• Required action: Reproduce the listing below in full and exactly; no pictures belong in the copy.

• Information supplied:
_ _ _ _ _ _ _

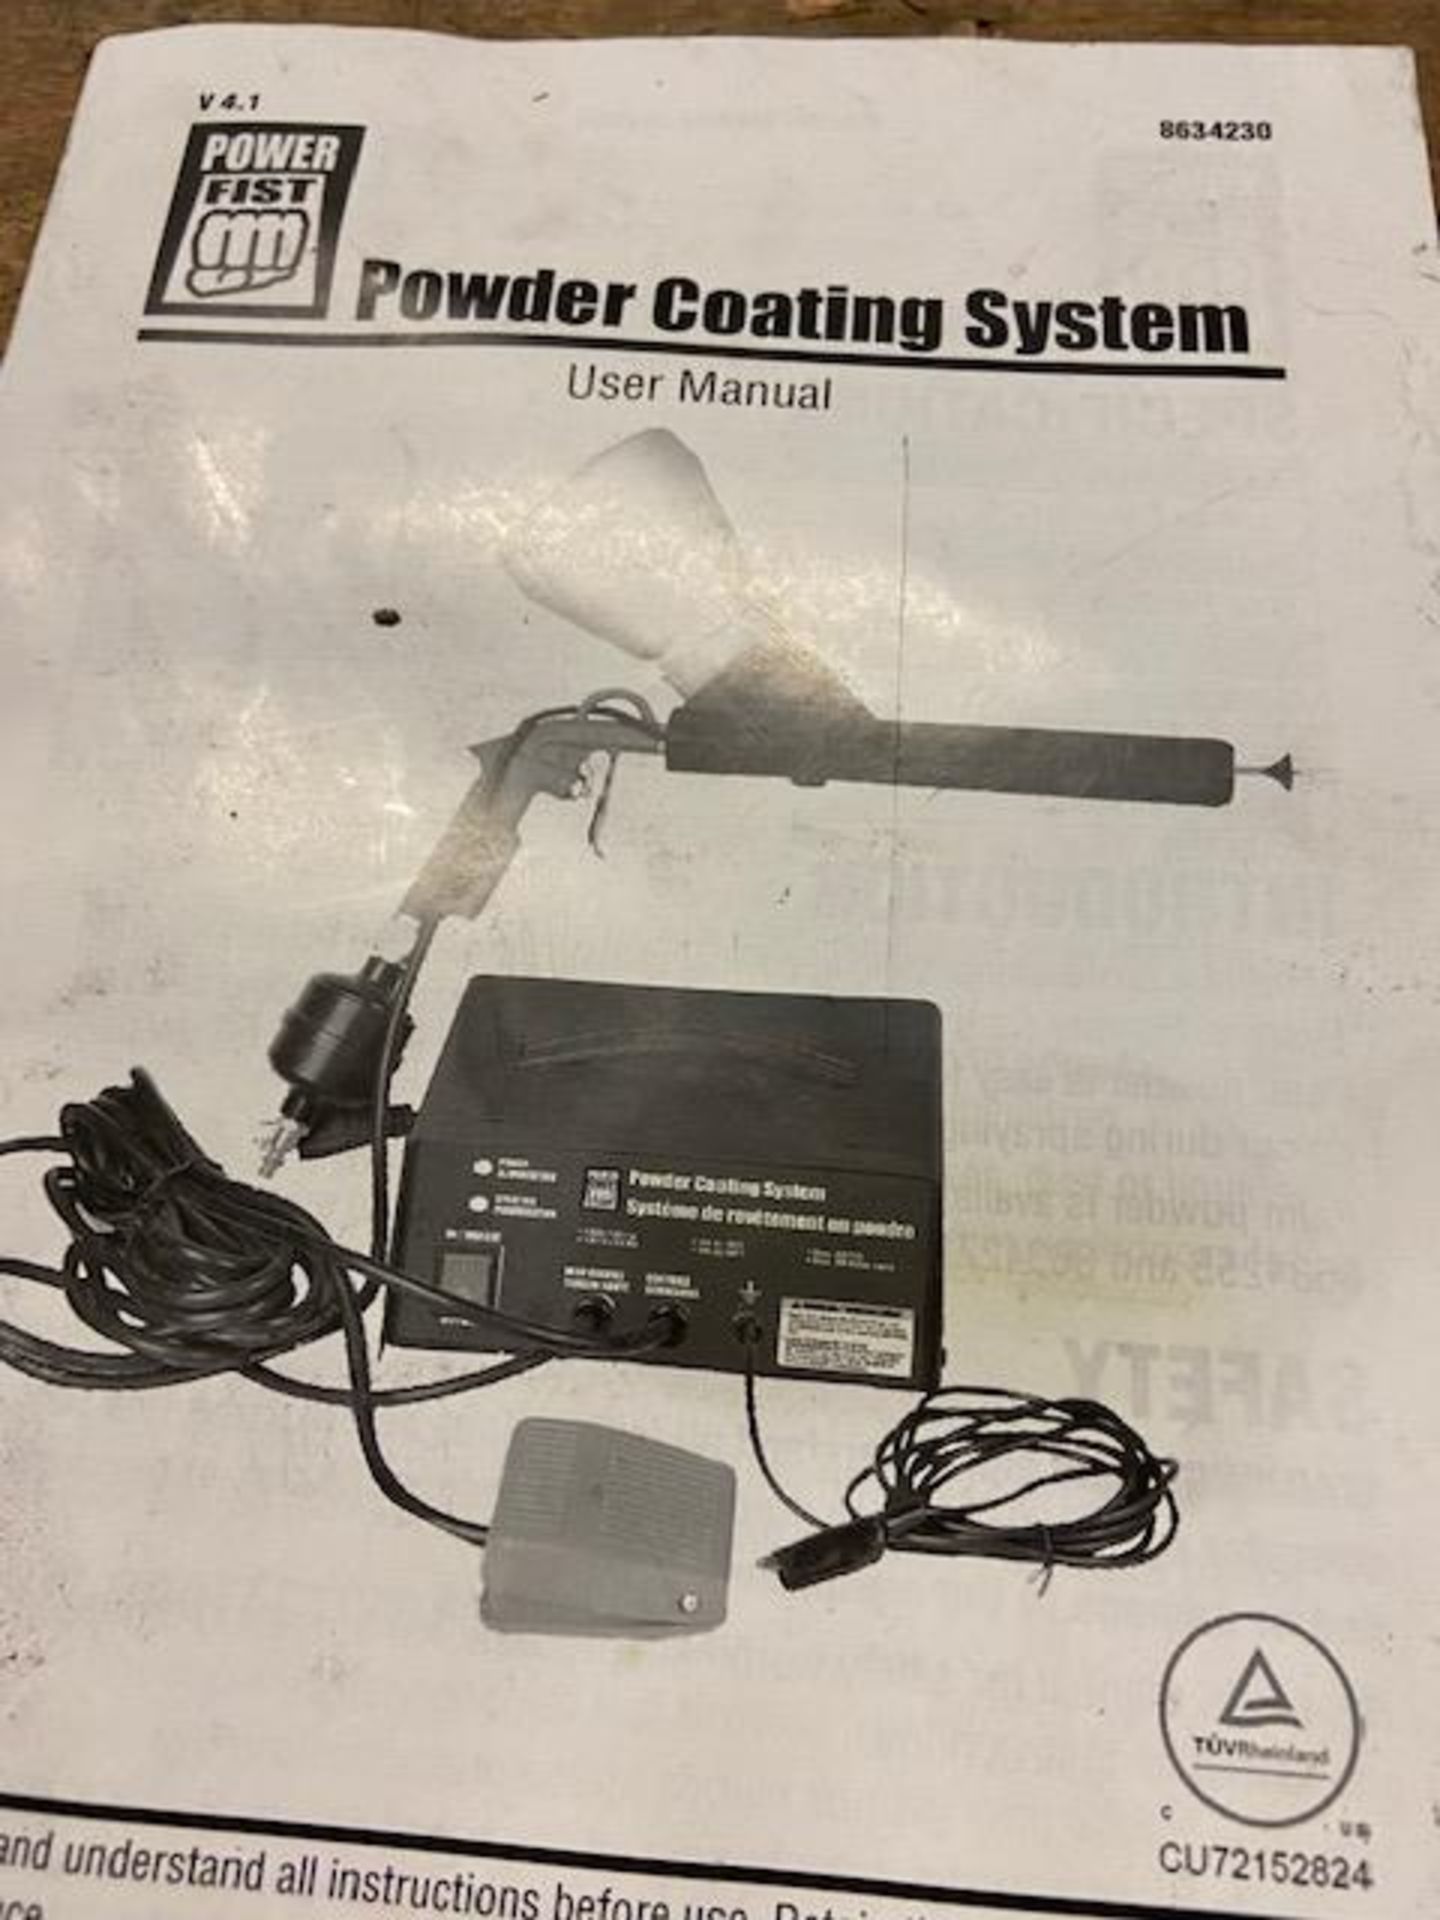 Power Fist Powder Coating System - Image 2 of 3
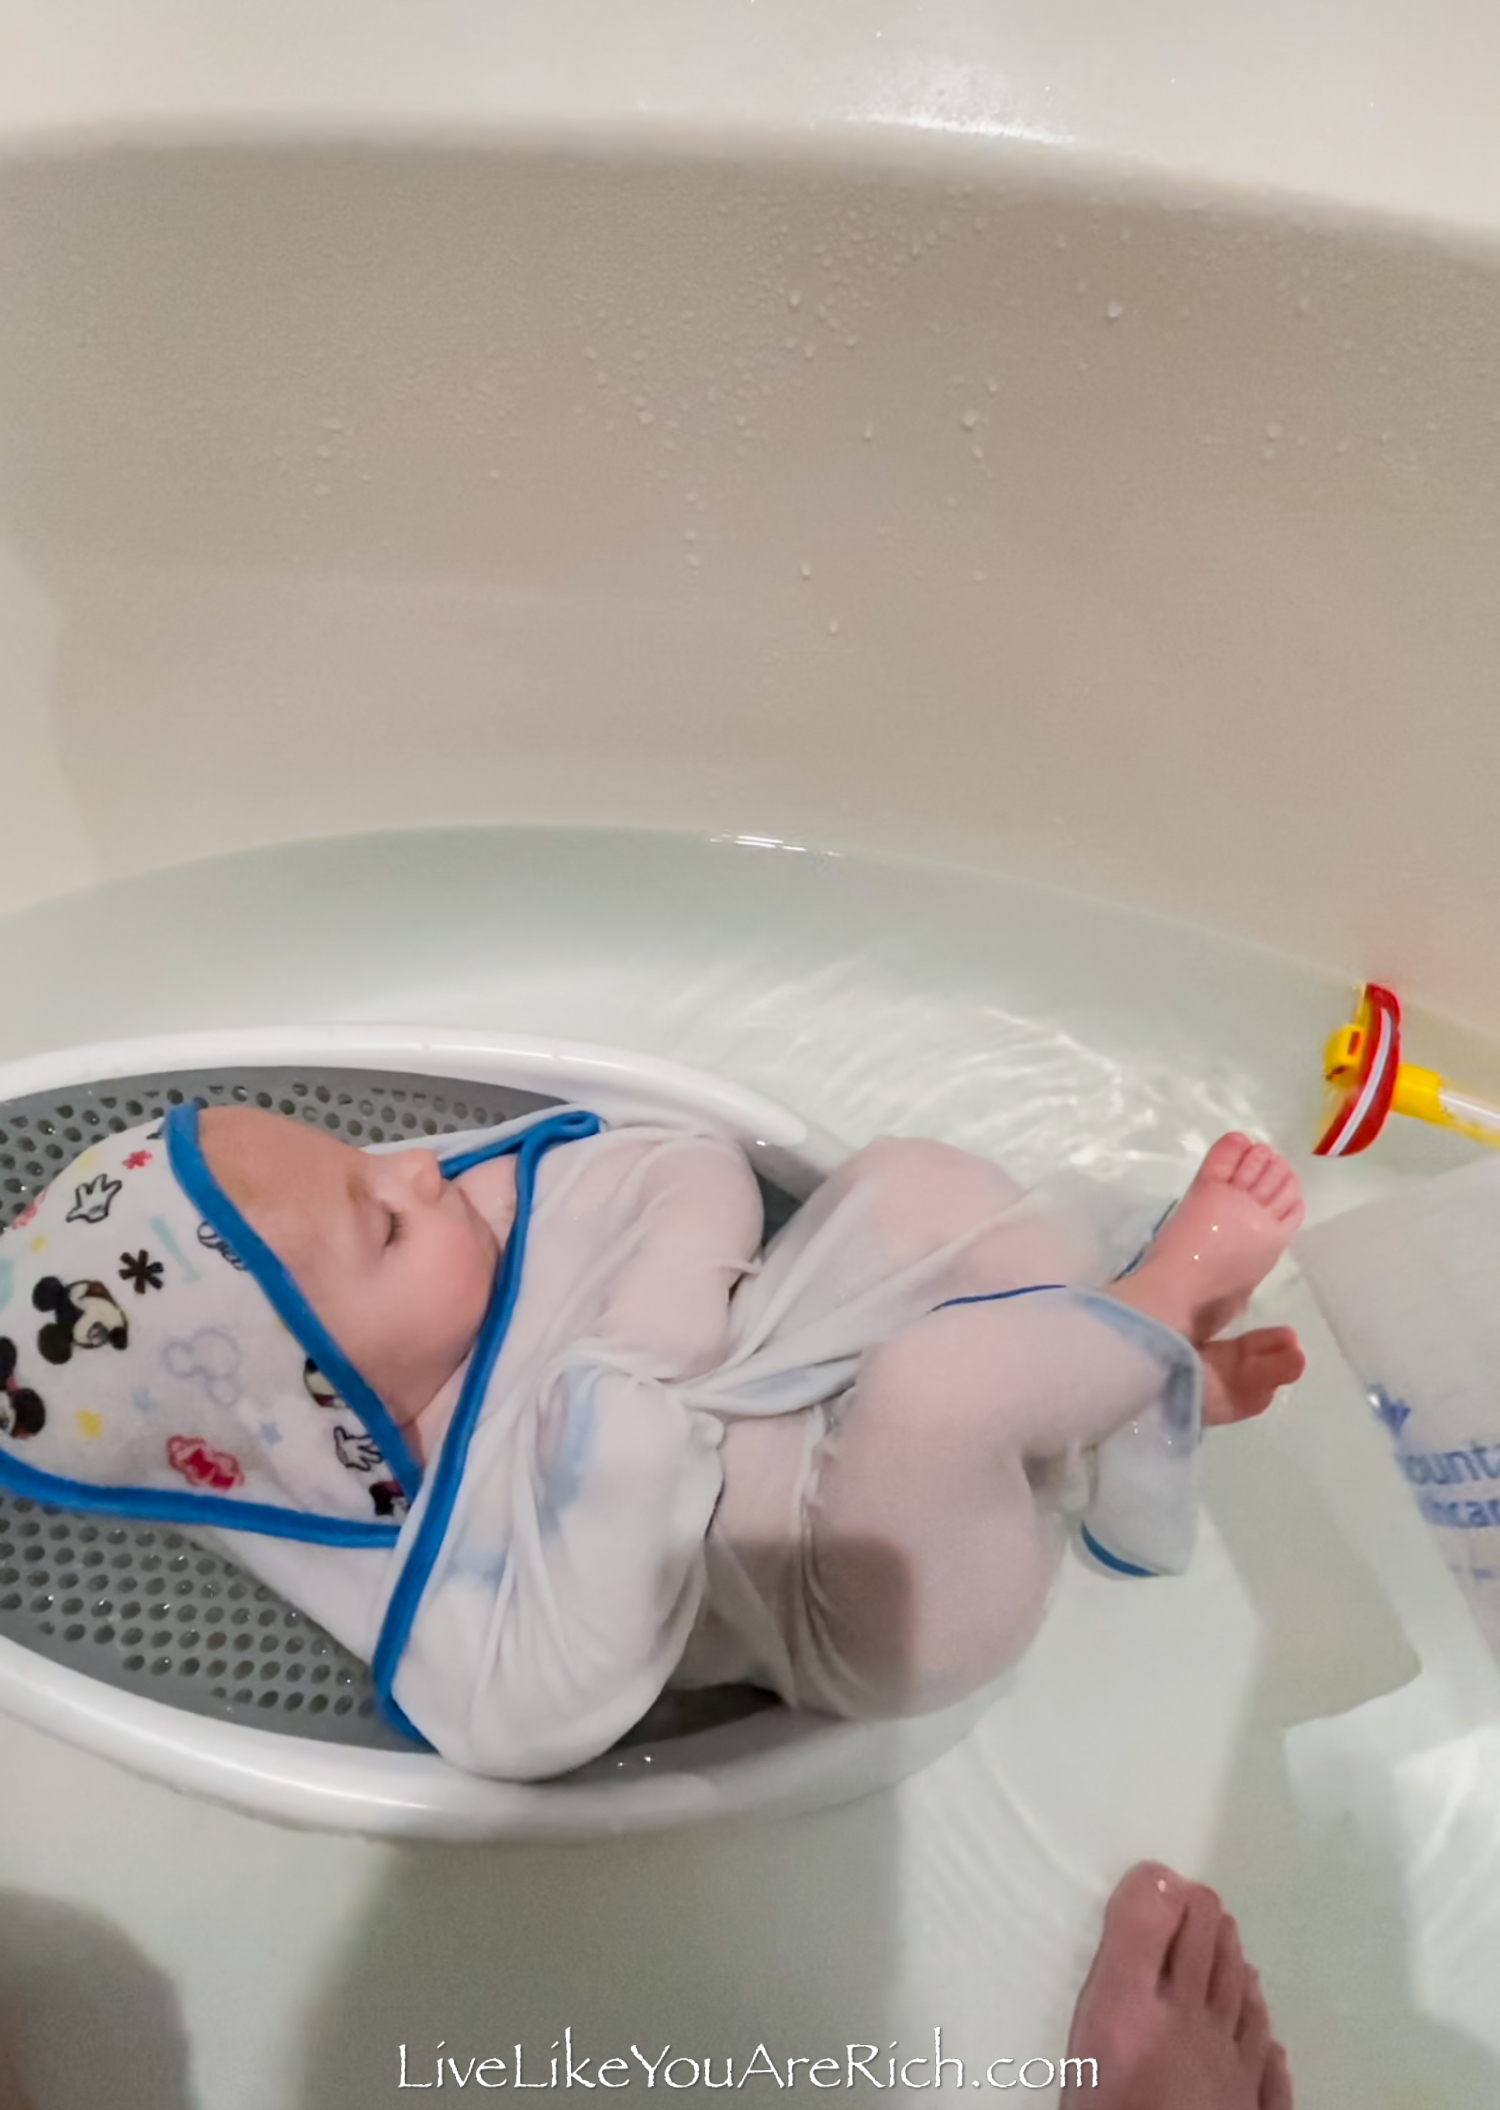 https://livelikeyouarerich.com/wp-content/uploads/2023/09/baby-in-baby-bathtub.jpg
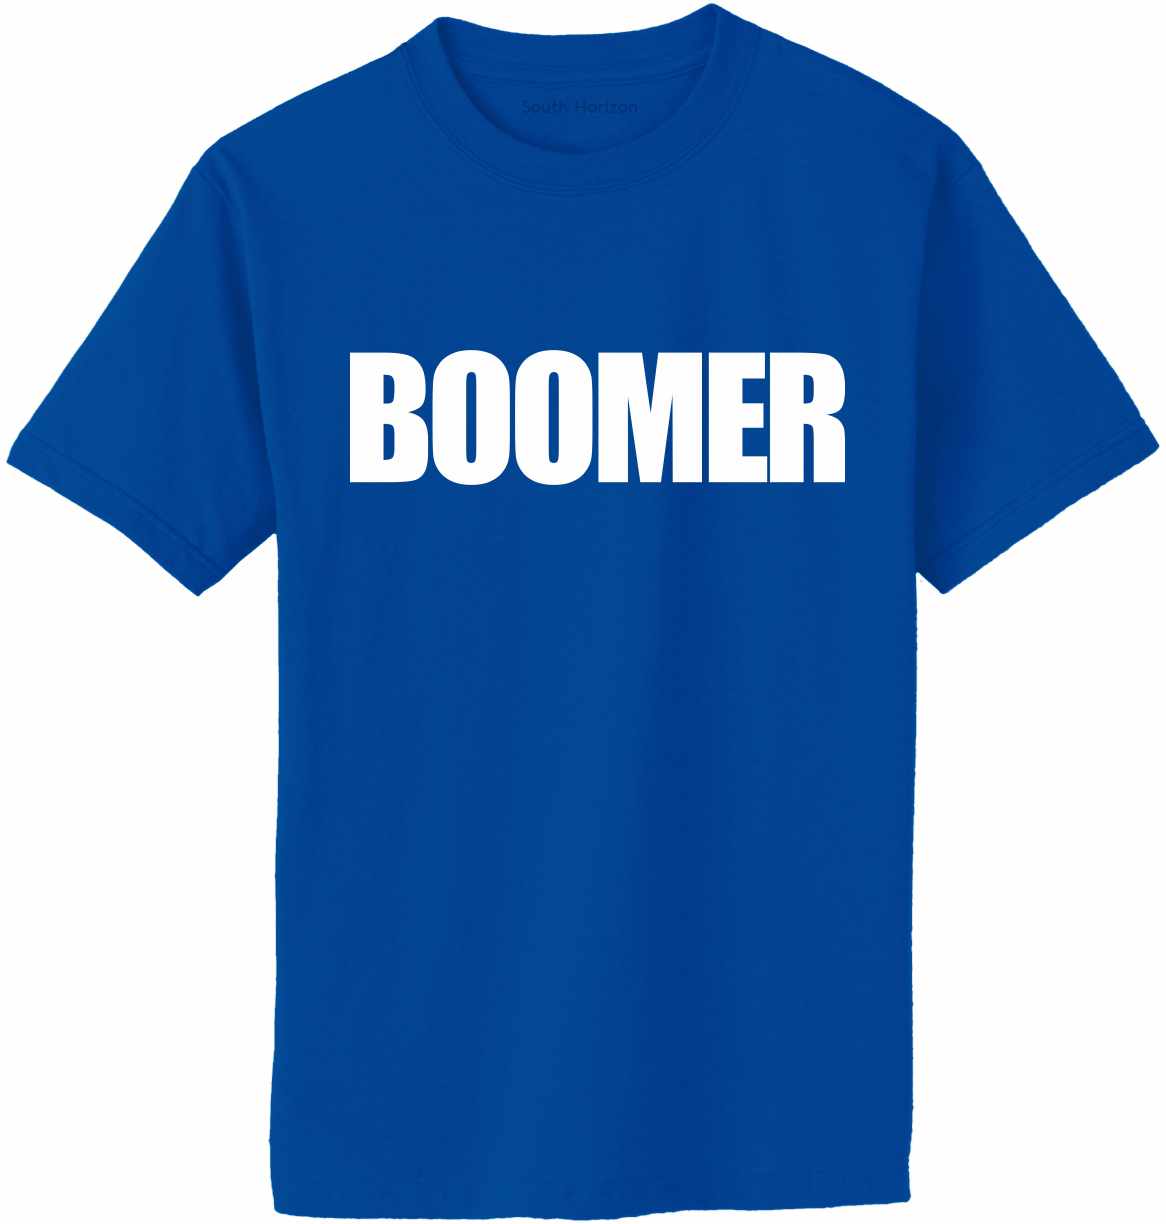 BOOMER on Adult T-Shirt

_ _ _ _ _ _ _

• Exercise output:
 Power Fist Powder Coating System - Image 2 of 3
 https://livelikeyouarerich.com/wp-content/uploads/2023/09/baby-in-baby-bathtub.jpg
 BOOMER on Adult T-Shirt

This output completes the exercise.